Clinic patients who spoke limited English struggled to set up and use platforms like Zoom for health visits, the researchers found. “Things like not being able to read FAQs,” Payán says. “There’s reliance on either clinic personnel, staff, or family members — like kids, who are helping their parents get connected to video visits.”

“There’s reliance on either clinic personnel, staff or family members”

Even if information on a platform was translated into other languages, it was often translated badly. “Patients said, ‘I went into the FAQs in Spanish, and I have high fluency and a high reading level in Spanish, and it made no sense because it was such a poor translation,’” Payán says.

Integrating third-party interpreters for non-English speaking patients into telehealth platforms was also difficult, Payán says. It’s a logistical challenge to add a third person to a phone or video call, particularly in platforms that aren’t set up to support external interpreting services. That can mean additional delays to care. Even something simple like a patient getting a call from a number they didn’t recognize — and didn’t want to answer — could derail the process. And having those interpretation services are key for good care: people who speak limited English are at risk of bad health outcomes without them because they can’t understand their medical providers as well.

Luckily, at the clinics Payan spoke with, many doctors and clinic staff were bilingual — they were able to talk with patients in their first language. It showed how much recruiting and retaining staff from the same communities as the patients can help build trust and improve care, particularly during challenging times, Payan says. “It is very important that [the doctor] speaks the same language because that way, we understand each other,” one Spanish-speaking patient said in a study interview.

“With that older population, it is a little bit more difficult because they don’t know how to use the technology”

But even without language barriers getting in the way, many patients didn’t have the digital literacy to navigate telemedicine, didn’t have devices that could use the telehealth tools, or didn’t have good enough internet access to connect with a provider. “With that older population, it is a little bit more difficult because they don’t know how to use the technology or they need the assistance of their relatives,” one care coordinator said in a study interview. Unhoused patients were also particularly hard to reach because they didn’t have reliable phone or internet connections.

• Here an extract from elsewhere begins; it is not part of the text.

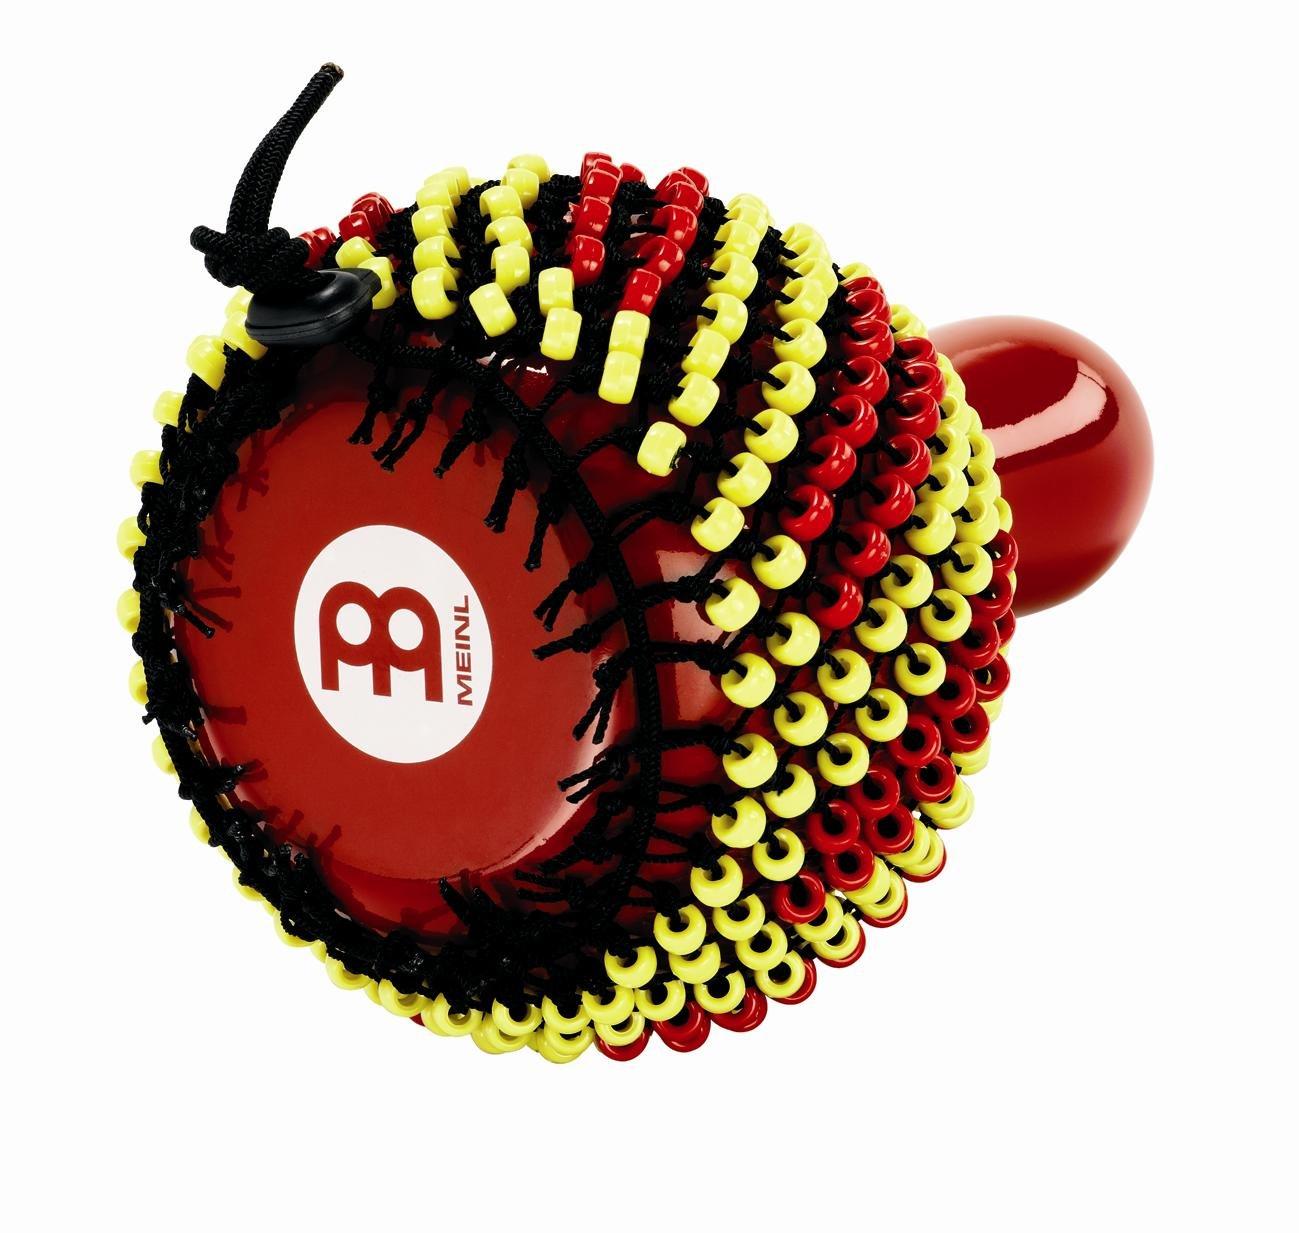 Meinl Percussion CA7R Premium Fiberglass Cabasa, Red by Meinl Percussion

Phone visits, without a video component, were far more accessible to older patients and patients who spoke limited English. They were great resources for patients and helped connect them with medical care. But they don’t have all the benefits of video calls — like letting a doctor see a patient’s body language or getting a sense of their environment. “Saying, well, we can’t figure out the technology piece, so let’s just do let’s just do audio — I don’t think that’s good enough,” Jorge Rodriguez, a health technology equity researcher at Brigham and Women’s Hospital in Boston, told The Verge in 2020.

The findings of the study show how important it is for telehealth platforms to consider their most vulnerable users while developing tools. People who speak languages other than English should be included in pilot tests, for example, Payán says.

“Increasingly, the focus in Silicon Valley is on diversity, equity inclusion, this is clearly it — are you actually meeting the needs of a diverse set of patients?” she says.

Some smaller groups and entrepreneurs in digital health are working to expand internet access and improve digital health tools for vulnerable groups, Payán says. But it’ll take big platforms with high use getting on board to drive major changes. “The onus is on them to really pilot test and prioritize the development of high-quality language services,” she says.